A smoky, tender smoked brisket paired with a rich coffee bourbon BBQ sauce that balances smoky, sweet, and slightly bitter flavors. Perfect for BBQ lovers and gatherings.

Ingredients

Scale
  • 5-pound beef brisket, trimmed
  • 2 tablespoons kosher salt
  • 2 tablespoons coarsely ground black pepper
  • 1 tablespoon smoked paprika
  • 2 teaspoons garlic powder
  • 1 teaspoon onion powder
  • 1 teaspoon chili powder (optional)
  • 1 cup ketchup
  • 1/4 cup strong brewed dark roast coffee
  • 1/4 cup bourbon
  • 1/4 cup brown sugar, packed
  • 2 tablespoons apple cider vinegar
  • 1 tablespoon Worcestershire sauce
  • 1 teaspoon smoked paprika
  • 1/2 teaspoon ground cumin
  • 1/2 teaspoon black pepper
  • 1/4 teaspoon cayenne pepper
  • 1 teaspoon salt
  • 1 tablespoon unsalted butter (optional)

Instructions

  1. Trim any excess fat from the brisket, leaving about 1/4 inch for moisture.
  2. Mix salt, pepper, smoked paprika, garlic powder, onion powder, and chili powder in a small bowl.
  3. Rub this spice blend evenly over the entire brisket.
  4. Let the brisket rest at room temperature for 30 minutes while prepping the smoker.
  5. Preheat the smoker to 225°F (107°C) using wood chips like oak, hickory, or mesquite.

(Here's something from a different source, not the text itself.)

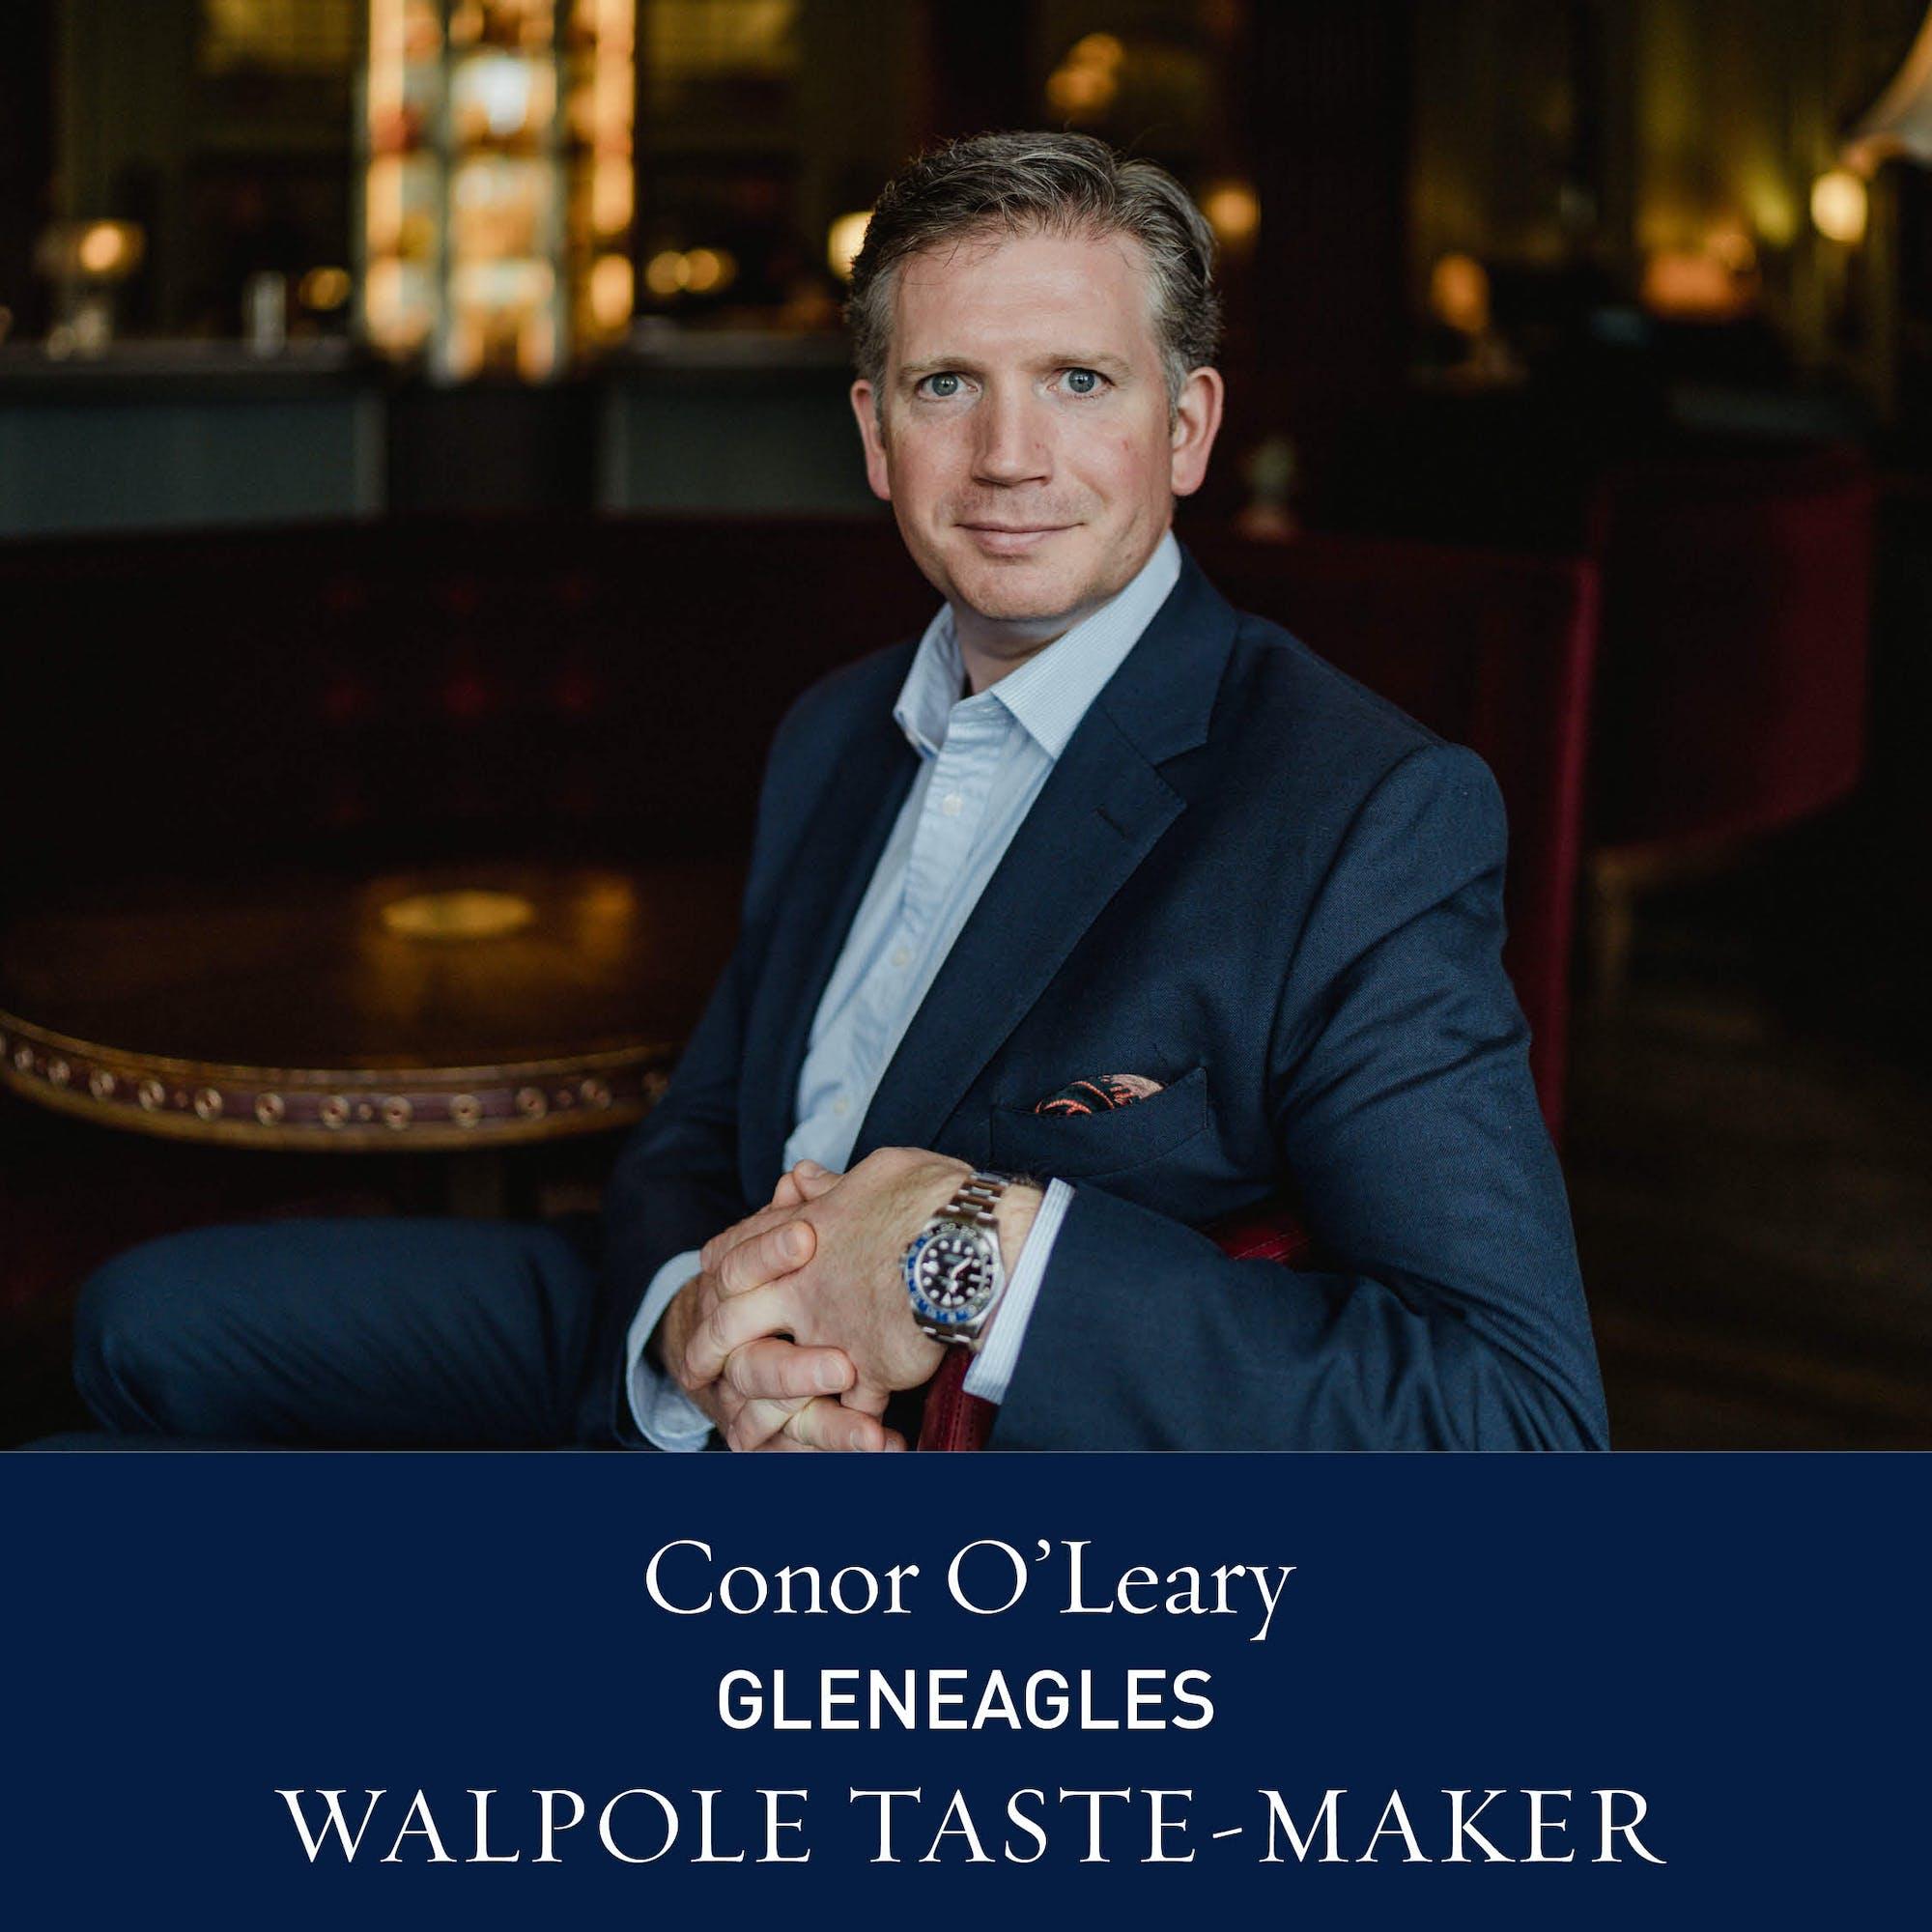 The Walpole Power List 2020  The Taste-Makers: Conor O'Leary, Gleneagles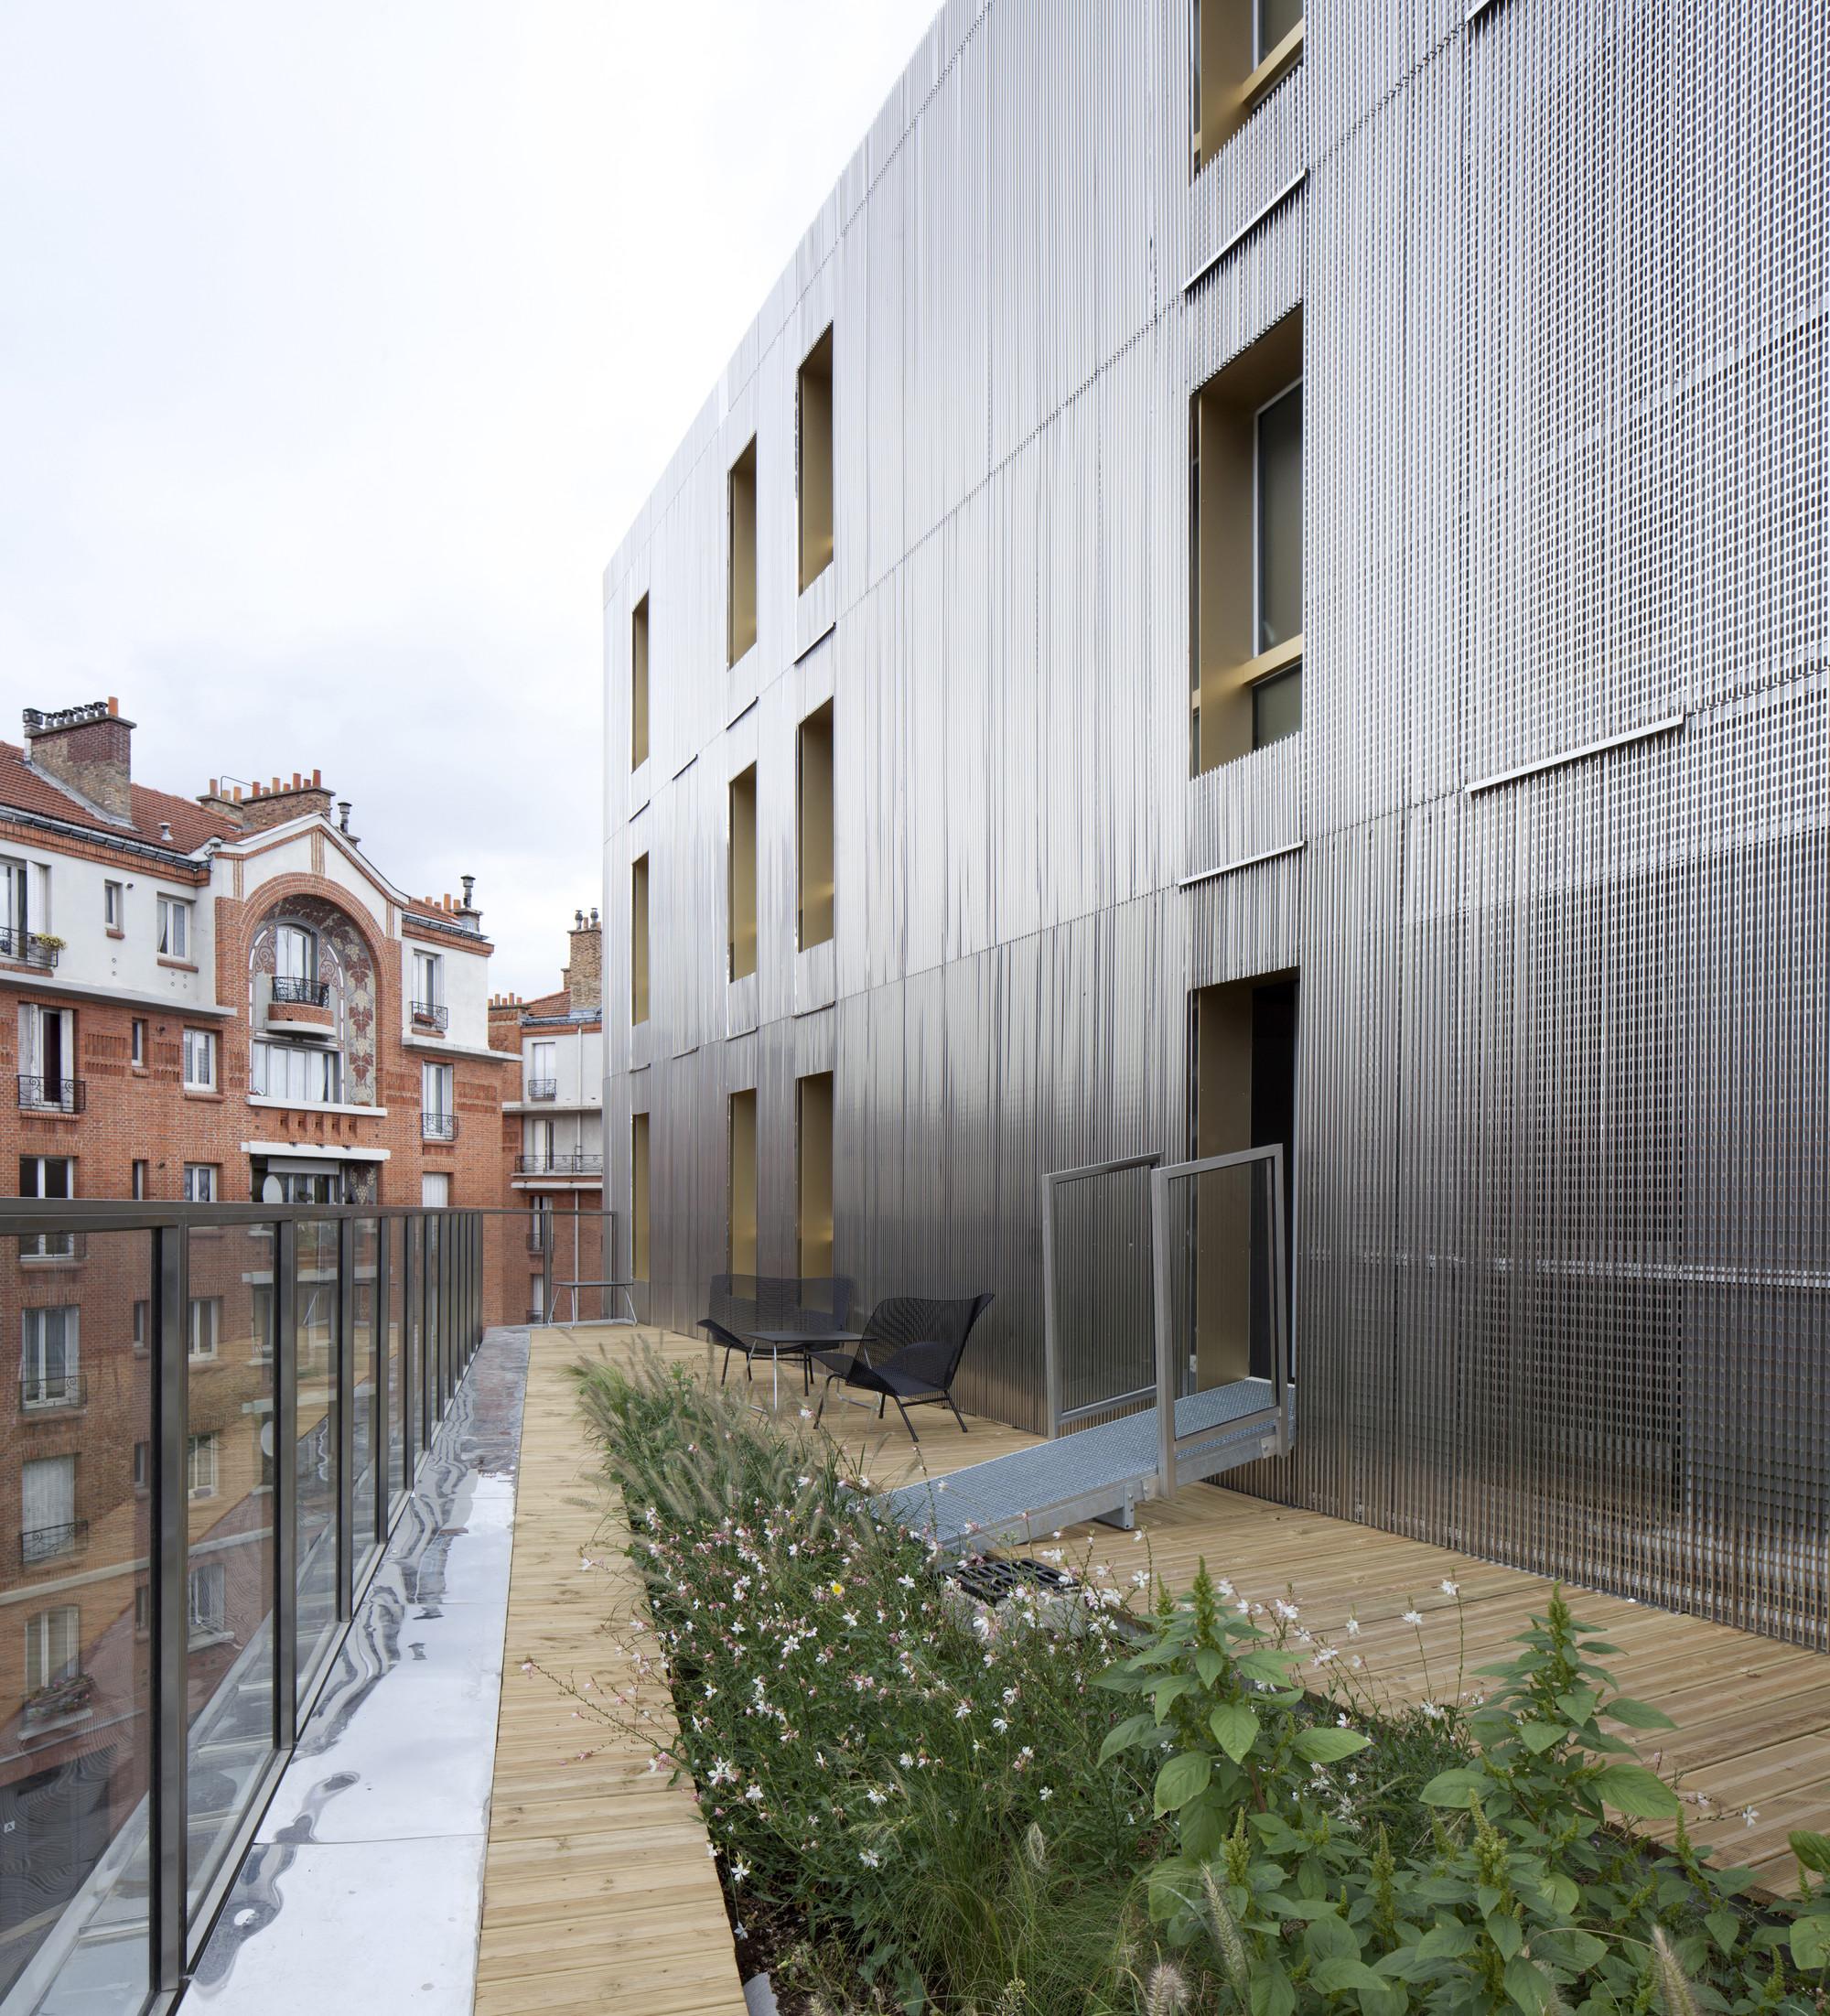 Irene Joliot Curie Residences / DATA [Architectes]

Place a water pan inside to keep the environment moist.
  6. Place the brisket fat side up on the smoker rack and insert a meat thermometer probe into the thickest part.
  7. Smoke the brisket until internal temperature reaches 165°F (74°C), about 5 to 6 hours. Avoid opening the smoker frequently.
  8. While smoking, combine ketchup, brewed coffee, bourbon, brown sugar, apple cider vinegar, Worcestershire sauce, smoked paprika, cumin, black pepper, cayenne, and salt in a saucepan.
  9. Simmer the sauce over medium heat, whisking frequently, for about 10 minutes until thickened. Stir in butter at the end for a glossy finish.
  10. Once the brisket hits 165°F, remove and wrap tightly in butcher paper or foil.
  11. Return the wrapped brisket to the smoker and continue cooking until internal temperature reaches 203°F (95°C), about 2 to 3 more hours.
  12. Let the brisket rest wrapped on a cutting board or cooler for 30 to 60 minutes to redistribute juices.
  13. Slice the brisket thinly against the grain and serve with generous spoonfuls of the coffee bourbon BBQ sauce.

Notes

Use butcher paper instead of foil for wrapping to preserve bark texture. Spritz brisket hourly with apple cider vinegar and water to maintain moisture. Sauce tastes better if made a day ahead. If no smoker, use a grill with indirect heat and wood chips in a smoker box. For gluten-free, verify Worcestershire sauce and ketchup labels. For dairy-free, omit butter or use plant-based alternative.